If the default configuration can not suite your requirement, you may need to use these interfaces to change the appearance of the drawing.

// Set delay, the mouse trails point generated by the mousemove event will not be drawn after the delay time is exceeded, it will affect the length of the trajectory
setDelay: (millisecond: number) => void;
// Set the maximum width of the trajectory, trajectory is a curve from thick to thin, maxWidth represents the line width of the thick end
setMaxWidth: (width: number) => void;
// Set the minimum width of the trajectory, trajectory is a curve from thick to thin, minWidth represents the line width of the thin end
setMinWidth: (width: number) => void;
// Set the curve tension, the greater the tension, the smoother the inflection point, otherwise the sharper
setTension: (t: number) => void;
// Set the minimum transparency of the trajectory, trajectory is a curve that changes from opaque to transparent, it represents the opacity at the end of the track
setOpacity: (o: number) => void;
// Set the color of the trajectory
setColor: (r: number, g: number, b: number) => void;
// Set whether the trajectory head is round
setRoundCap: (b: boolean) => void;

Calling the above interface at any time will take effect in the next drawing. So if you want to implement a mouse track similar to an RGB marquee, it is also possible.

Customize

If the interfaces all of the above can not meet your requirements, then you need to do some customized development.

The process of drawing the mouse track is roughly divided into 5 steps:

  1. filter out some invalid trajectory coordinates
  2. calculate control points from trajectory coordinates
  3. transform all the points to Bezier curve
  4. Split the curve generated in the previous step into shorter Bezier curves, and calculate the drawing style of each curve
  5. Draw each Bezier curve in turn

These 5 steps correspond to the 1st to 5th interfaces below, and the last drawLaserPen interface is a combination of the previous 5 interfaces. If calling drawLaserPen directly cannot meet your requirements, you can combine them on the basis of the first 5 interfaces to achieve the effect you want.

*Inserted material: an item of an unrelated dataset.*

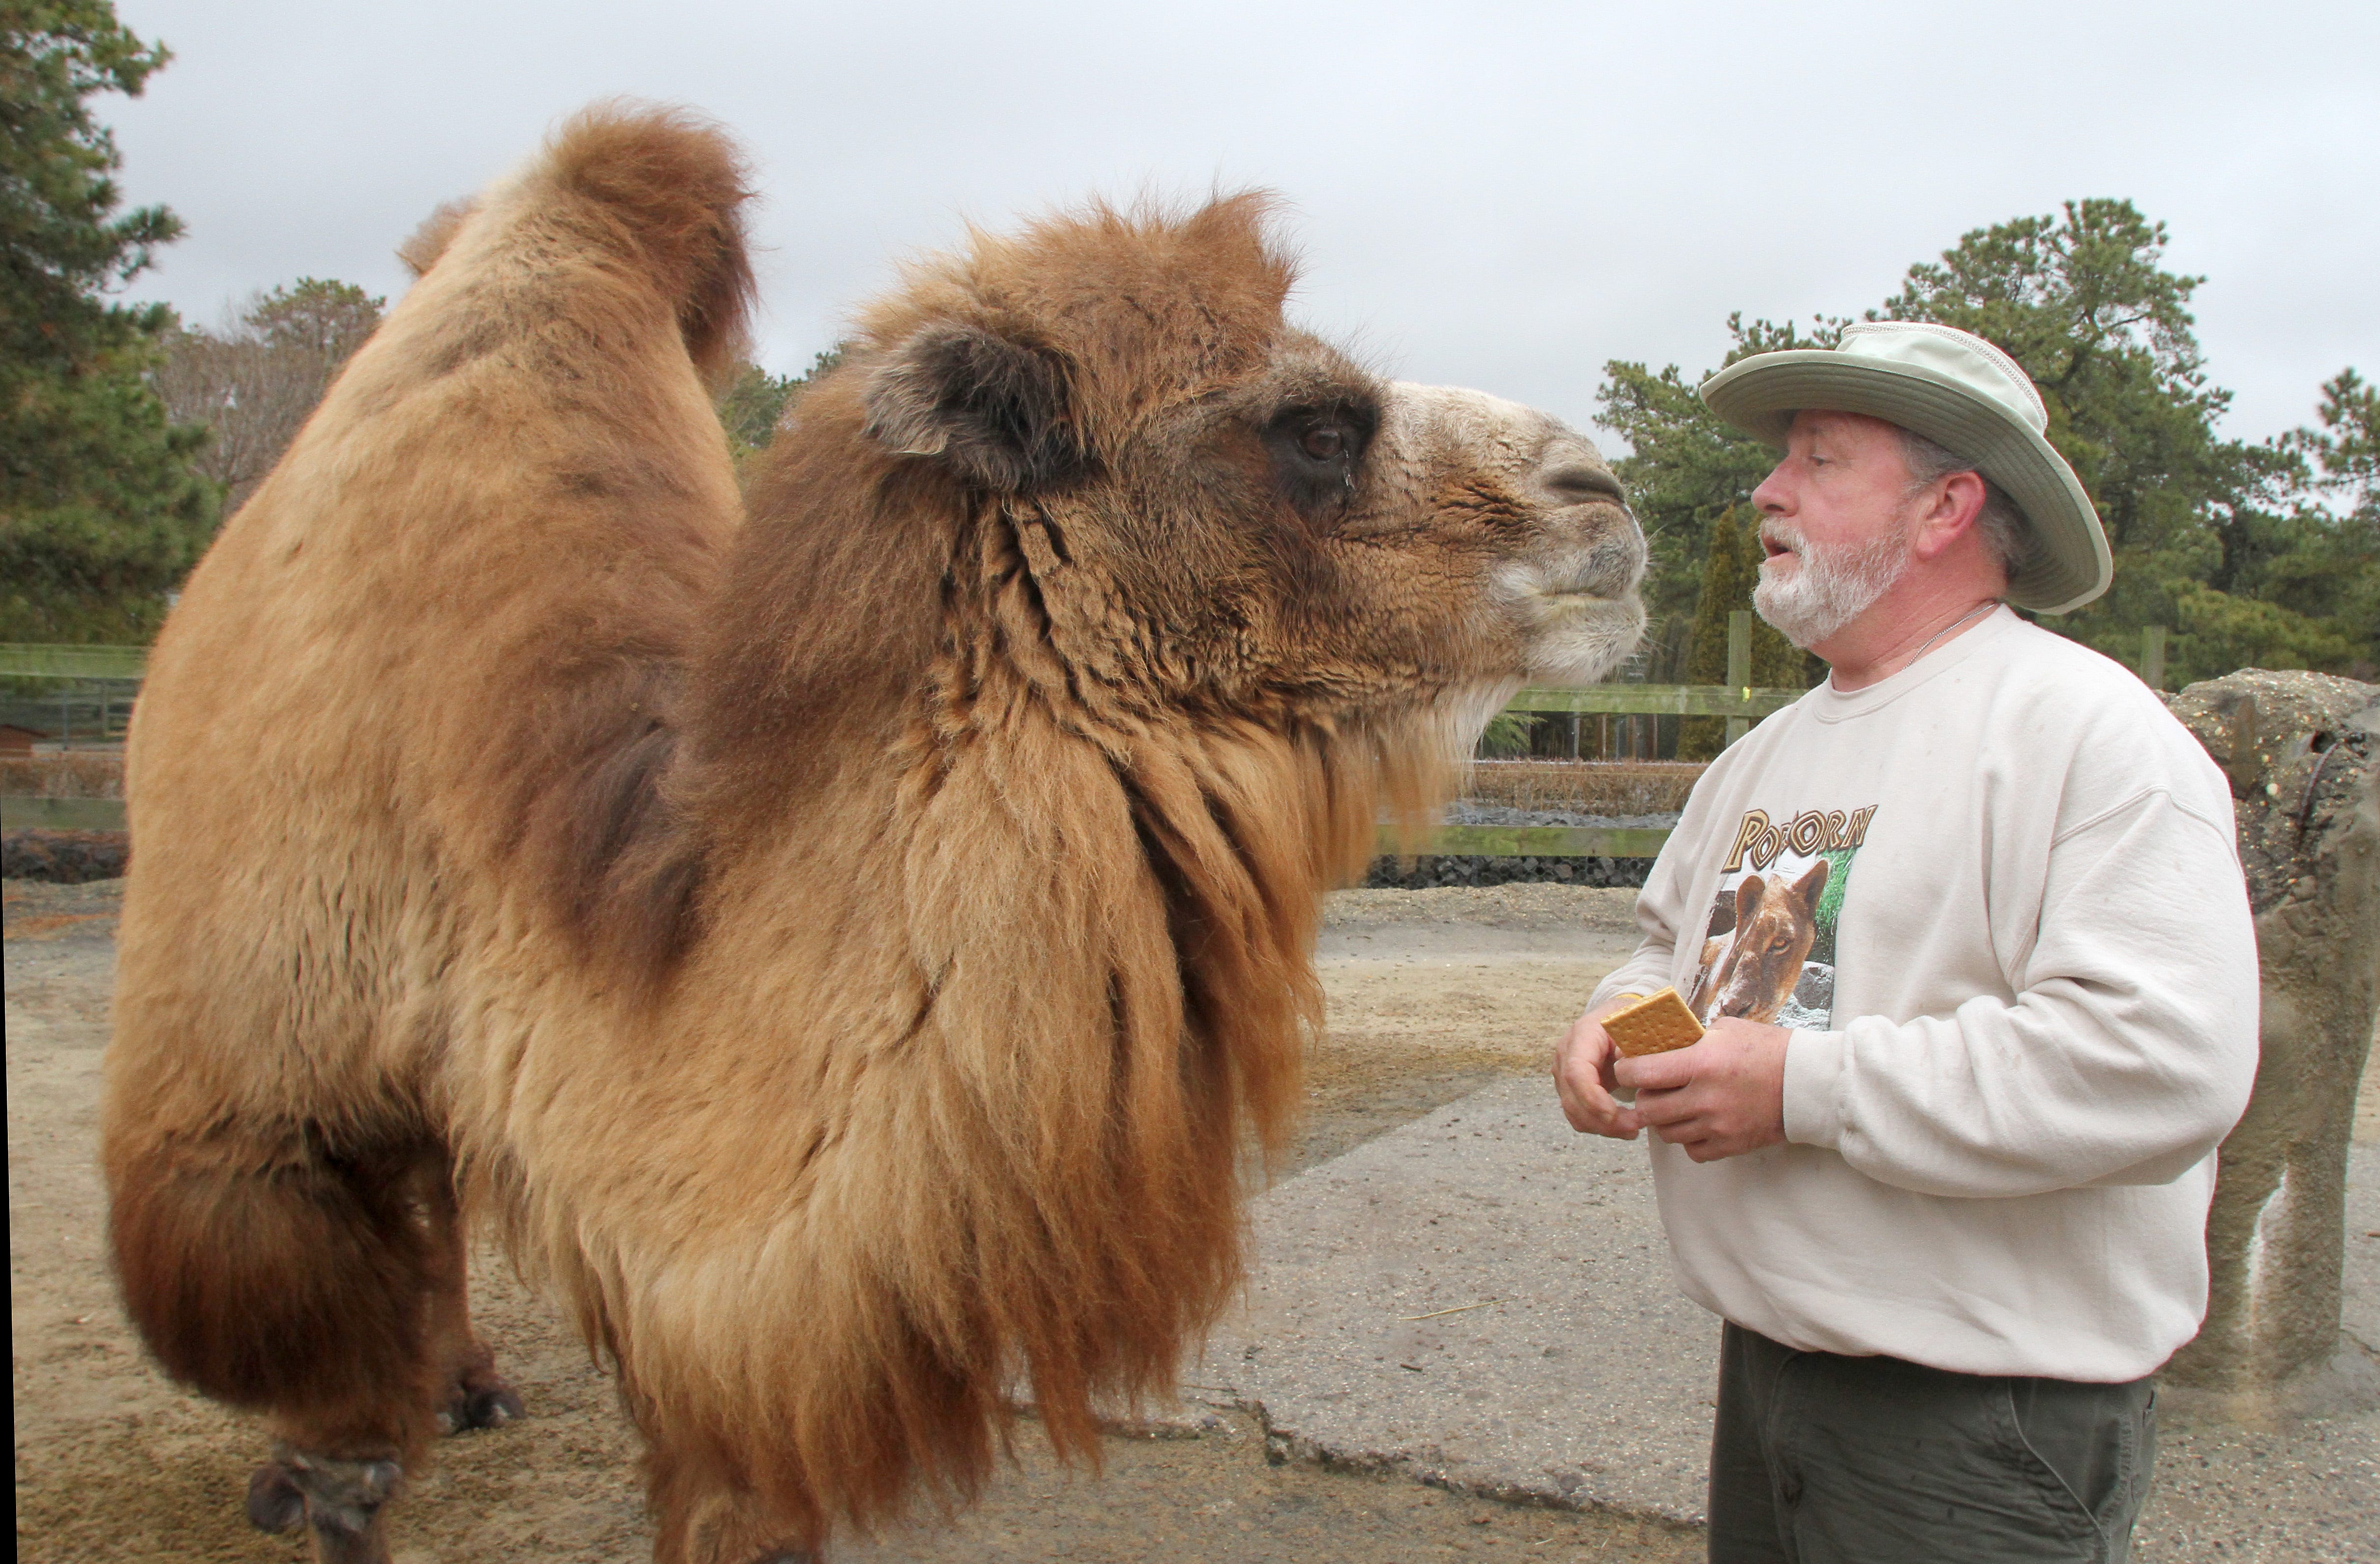 Princess the Camel of the Popcorn Park Zoo in Lacey Township is seen in this 2012 file photo as  John Bergmann, general manager of the Associated Humane Society/Popcorn Park Zoo fed her crackers. Asbury Park Press file photo 1/27/2012

// Remove the unreasonable data in the original mouse coordinate data, including the coordinates that exceed the delay time, and some coordinates that are arranged illegally
drainPoints: (originalPoints: IOriginalPointData[]) => IOriginalPointData[];
// Calculate the control points of each point according to the coordinate data
calControlPoints: (points: IPoint[]) => IControlPoint[];
// transform mouse coordinate data and control point data into a Bezier curve
transformPointToBezier: (
  points: IPoint[],
  controlPoints: IControlPoint[]
) => Bezier[];
// According to the original Bezier curve data, calculate the data structure for drawing
calDrawingData: (
  bzArray: Bezier[],
  totalLength: number
) => IDrawingBezierData[];
// According to the calculated drawing data, draw the curve onto the canvas
drawDrawingBezierData: (
  ctx: CanvasRenderingContext2D,
  data: IDrawingBezierData[]
) => void;
// A simple entry method to draw the mouse track directly through the processed mouse coordinate data
drawLaserPen: (ctx: CanvasRenderingContext2D, points: IPoint[]) => void;

Performance

flame chart

As can be seen from the flame graph above, the performance of continuously drawing is quite good, and the frame rate is always around 60fps.

flame chart

The time for each drawing is basically less than 0.5ms.

According to personal experience, JavaScript libraries, like Laser Pen, that do not rely on DOM and BOM tend to have good performance. JavaScript is very efficient in simple pure mathematics and logic processing.